== What needs to be done ==
Every line of the records below from the line with "Salviapesto on herkullinen" up to and including the line with "Gorgeous aerial view" must be reproduced exactly, and no line outside that range.

== Input data ==
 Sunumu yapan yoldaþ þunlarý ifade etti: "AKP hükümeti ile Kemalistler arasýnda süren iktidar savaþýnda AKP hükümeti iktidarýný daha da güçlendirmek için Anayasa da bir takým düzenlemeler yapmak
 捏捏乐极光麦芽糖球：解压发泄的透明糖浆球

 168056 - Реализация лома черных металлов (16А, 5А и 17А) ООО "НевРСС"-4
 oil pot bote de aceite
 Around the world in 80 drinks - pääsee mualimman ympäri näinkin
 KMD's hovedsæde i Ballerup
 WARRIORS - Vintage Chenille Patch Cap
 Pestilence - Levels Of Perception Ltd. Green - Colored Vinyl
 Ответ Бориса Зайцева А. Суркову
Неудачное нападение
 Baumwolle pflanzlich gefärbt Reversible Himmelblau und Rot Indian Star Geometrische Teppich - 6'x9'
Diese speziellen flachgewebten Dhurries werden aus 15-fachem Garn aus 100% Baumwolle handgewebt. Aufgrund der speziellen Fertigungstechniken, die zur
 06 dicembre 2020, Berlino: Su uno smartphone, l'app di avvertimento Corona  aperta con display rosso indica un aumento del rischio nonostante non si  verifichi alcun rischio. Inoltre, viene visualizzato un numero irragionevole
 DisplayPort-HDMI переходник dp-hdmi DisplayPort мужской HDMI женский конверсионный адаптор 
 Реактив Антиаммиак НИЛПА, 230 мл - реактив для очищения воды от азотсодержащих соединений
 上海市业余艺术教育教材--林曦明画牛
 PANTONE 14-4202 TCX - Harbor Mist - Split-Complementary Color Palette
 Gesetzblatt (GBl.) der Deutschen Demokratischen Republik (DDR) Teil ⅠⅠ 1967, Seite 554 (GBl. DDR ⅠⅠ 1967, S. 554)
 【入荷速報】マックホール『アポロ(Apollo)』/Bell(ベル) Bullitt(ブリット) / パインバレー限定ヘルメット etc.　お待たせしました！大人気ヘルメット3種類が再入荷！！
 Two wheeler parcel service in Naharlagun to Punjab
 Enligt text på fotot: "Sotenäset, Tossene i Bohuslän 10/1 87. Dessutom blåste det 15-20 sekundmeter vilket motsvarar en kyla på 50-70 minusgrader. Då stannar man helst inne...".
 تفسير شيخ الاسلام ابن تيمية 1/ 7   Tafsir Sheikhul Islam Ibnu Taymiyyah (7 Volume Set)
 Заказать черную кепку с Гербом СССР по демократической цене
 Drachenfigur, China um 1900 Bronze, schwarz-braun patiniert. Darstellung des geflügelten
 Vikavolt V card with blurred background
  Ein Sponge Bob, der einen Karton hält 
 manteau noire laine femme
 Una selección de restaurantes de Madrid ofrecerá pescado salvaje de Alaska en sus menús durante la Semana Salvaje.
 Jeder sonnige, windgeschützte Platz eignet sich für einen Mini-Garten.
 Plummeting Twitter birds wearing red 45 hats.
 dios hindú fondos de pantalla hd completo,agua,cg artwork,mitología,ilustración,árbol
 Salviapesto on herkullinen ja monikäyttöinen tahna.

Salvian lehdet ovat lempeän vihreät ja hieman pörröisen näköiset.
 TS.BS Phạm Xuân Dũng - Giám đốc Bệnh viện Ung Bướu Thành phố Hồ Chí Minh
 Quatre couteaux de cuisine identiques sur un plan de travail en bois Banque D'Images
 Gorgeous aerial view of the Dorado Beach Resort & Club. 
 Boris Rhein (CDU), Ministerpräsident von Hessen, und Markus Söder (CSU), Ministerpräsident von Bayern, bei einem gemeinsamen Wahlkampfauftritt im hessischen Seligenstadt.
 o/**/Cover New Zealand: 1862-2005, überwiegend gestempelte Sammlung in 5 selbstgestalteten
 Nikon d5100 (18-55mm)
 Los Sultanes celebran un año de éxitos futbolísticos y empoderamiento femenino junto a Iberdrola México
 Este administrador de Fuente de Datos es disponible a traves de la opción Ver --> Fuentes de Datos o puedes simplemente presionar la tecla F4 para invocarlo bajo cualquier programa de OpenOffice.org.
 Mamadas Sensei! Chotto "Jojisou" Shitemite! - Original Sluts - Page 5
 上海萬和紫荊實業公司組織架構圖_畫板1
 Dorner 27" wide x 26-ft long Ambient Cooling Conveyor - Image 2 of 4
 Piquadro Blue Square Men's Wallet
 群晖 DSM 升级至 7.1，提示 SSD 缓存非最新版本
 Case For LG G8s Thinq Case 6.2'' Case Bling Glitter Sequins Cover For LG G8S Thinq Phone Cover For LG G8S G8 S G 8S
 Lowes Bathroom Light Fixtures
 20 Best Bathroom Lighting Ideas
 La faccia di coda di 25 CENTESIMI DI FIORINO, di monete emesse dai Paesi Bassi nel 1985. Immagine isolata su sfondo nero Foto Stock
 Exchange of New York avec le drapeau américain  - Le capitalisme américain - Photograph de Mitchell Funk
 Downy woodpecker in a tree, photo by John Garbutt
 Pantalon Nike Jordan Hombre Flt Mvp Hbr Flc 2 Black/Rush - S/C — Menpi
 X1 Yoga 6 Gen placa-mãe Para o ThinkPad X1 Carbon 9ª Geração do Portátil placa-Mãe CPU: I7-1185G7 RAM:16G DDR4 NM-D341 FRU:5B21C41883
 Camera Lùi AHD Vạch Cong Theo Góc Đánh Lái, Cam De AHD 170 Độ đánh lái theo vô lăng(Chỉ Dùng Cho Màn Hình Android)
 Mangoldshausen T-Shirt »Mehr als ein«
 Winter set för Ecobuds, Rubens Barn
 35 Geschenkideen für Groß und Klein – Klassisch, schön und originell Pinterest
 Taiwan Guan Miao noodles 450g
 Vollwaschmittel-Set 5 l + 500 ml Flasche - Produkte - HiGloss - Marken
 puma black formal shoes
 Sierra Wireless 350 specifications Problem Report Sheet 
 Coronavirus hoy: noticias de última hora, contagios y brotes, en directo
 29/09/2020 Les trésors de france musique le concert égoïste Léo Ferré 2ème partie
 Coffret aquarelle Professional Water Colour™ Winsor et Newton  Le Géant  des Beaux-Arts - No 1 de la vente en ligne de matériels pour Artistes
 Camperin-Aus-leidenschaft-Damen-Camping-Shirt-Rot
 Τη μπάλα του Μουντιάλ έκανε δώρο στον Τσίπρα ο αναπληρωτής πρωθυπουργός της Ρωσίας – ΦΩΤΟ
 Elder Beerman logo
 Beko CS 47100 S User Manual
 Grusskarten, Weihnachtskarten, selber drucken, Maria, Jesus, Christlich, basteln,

== Task result ==
 Salviapesto on herkullinen ja monikäyttöinen tahna.

Salvian lehdet ovat lempeän vihreät ja hieman pörröisen näköiset.
 TS.BS Phạm Xuân Dũng - Giám đốc Bệnh viện Ung Bướu Thành phố Hồ Chí Minh
 Quatre couteaux de cuisine identiques sur un plan de travail en bois Banque D'Images
 Gorgeous aerial view of the Dorado Beach Resort & Club. 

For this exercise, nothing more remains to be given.